Thursday, October 23, 2014

SPARQL Integration tests with jena-nosql

In a previous post I illustrated how to set up a working environment with jena-nosql using either Apache Solr or Apache Cassandra. Now it's time to write some integration tests. 

The goal of the jena-nosql project is to have Apache Jena, one of the most popular RDF frameworks, bound with your favourite NoSQL database.

Among a lot of things that Jena can do, SPARQL definitely plays an important role so, in my project, I want to make sure the data model of the underlying pluggable storages is able to efficiently support all the query language features.

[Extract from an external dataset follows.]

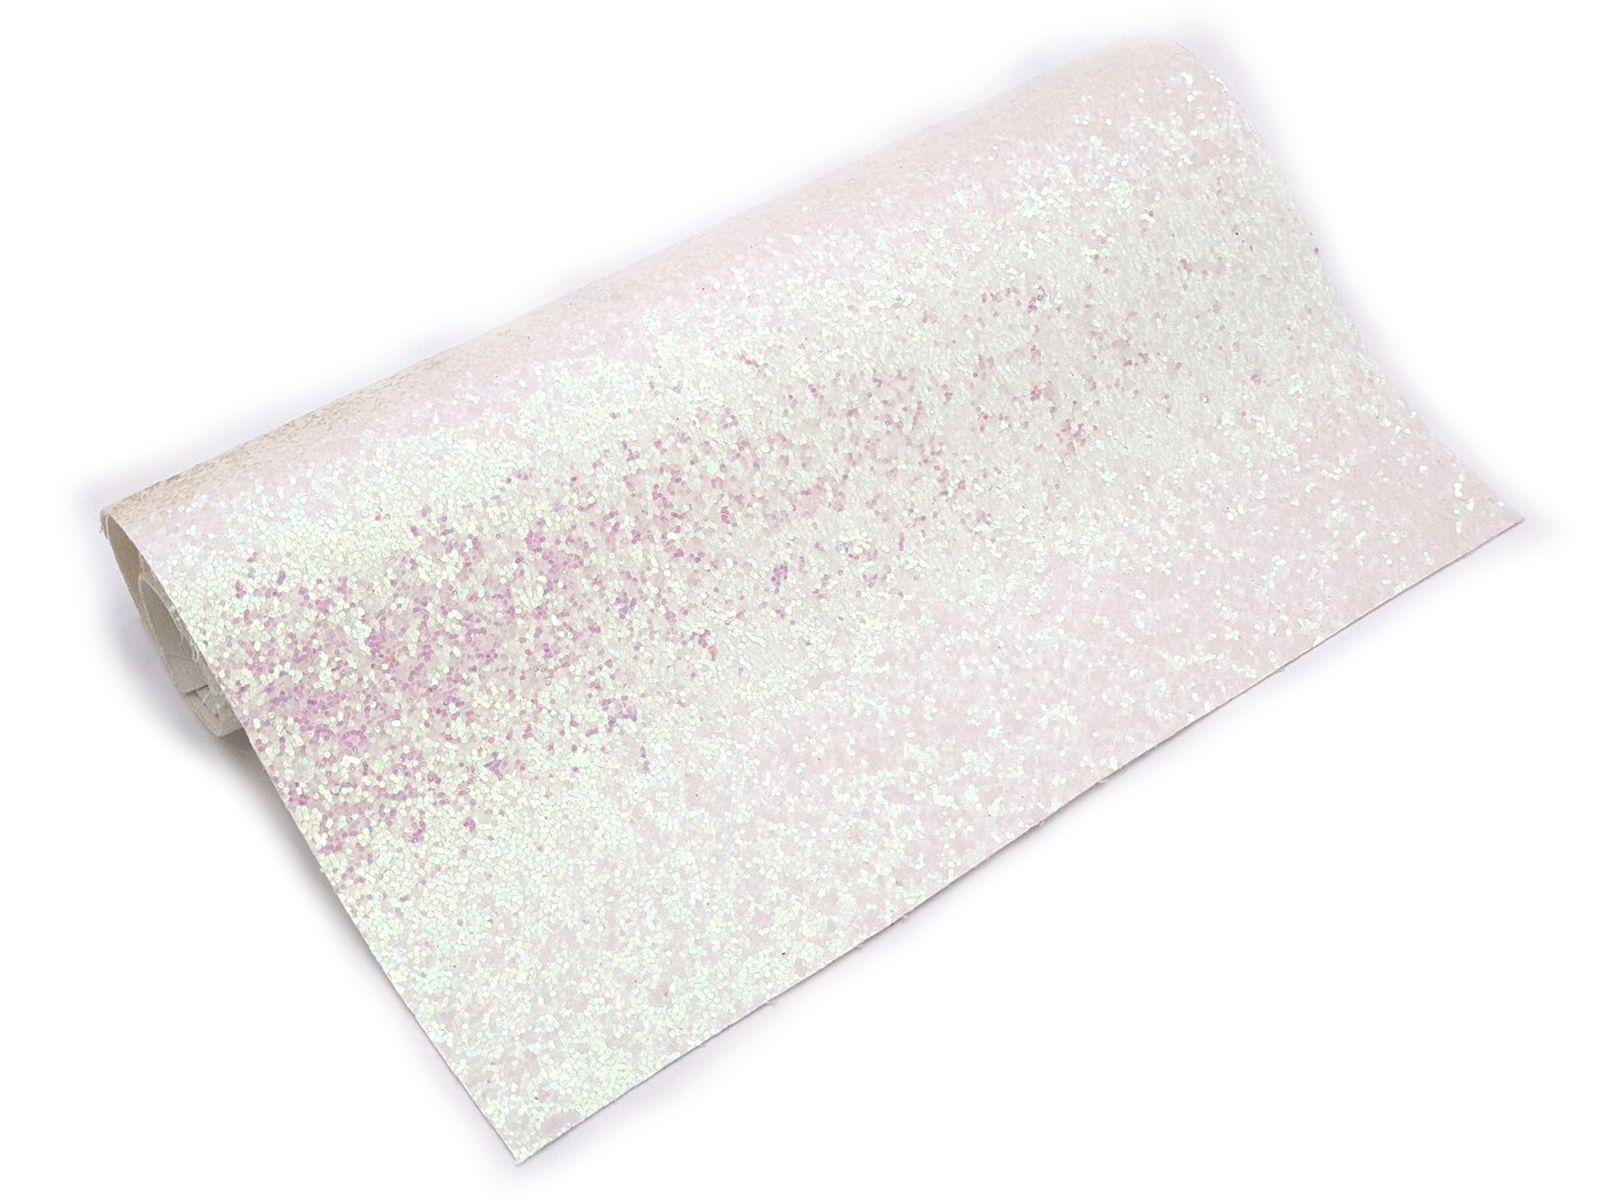 Lonita Glitter Branca - Furta Cor - Sublimação 65 Cm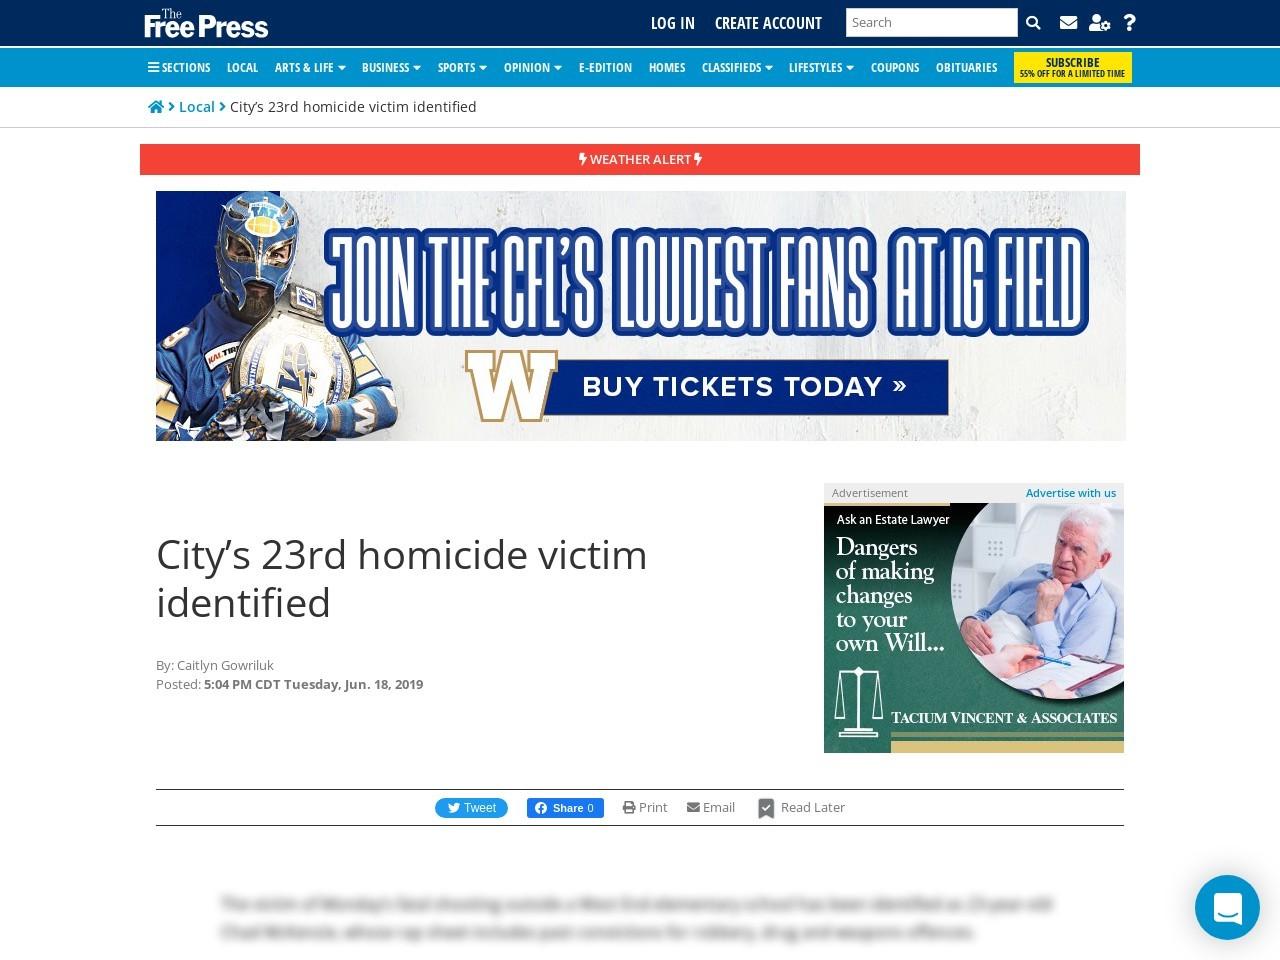 City's 23rd homicide victim identified

As a first step I need an integration test for running SPARQL verifiable examples. In order to do that I will set up two Jena Models, in the @Before method: a first coming from jena-nosql:

final StorageLayerFactory factory = StorageLayerFactory.getFactory();
final Dataset dataset = DatasetFactory.create(factory.getDatasetGraph());   
final Model jenaNoSqlModel = dataset.getDefaultModel();   

and a second using the default in-memory Jena Model:

final Model inMemoryModel = DatasetFactory.createMem().getDefaultModel();   

Now what I need is a set of verifiable scenarios, each of one consisting of
  • one or more dataset to load 
  • a query
  • the corresponding query results
I would need this "triplet" for each scenario...and as you can imagine, that's a huge work!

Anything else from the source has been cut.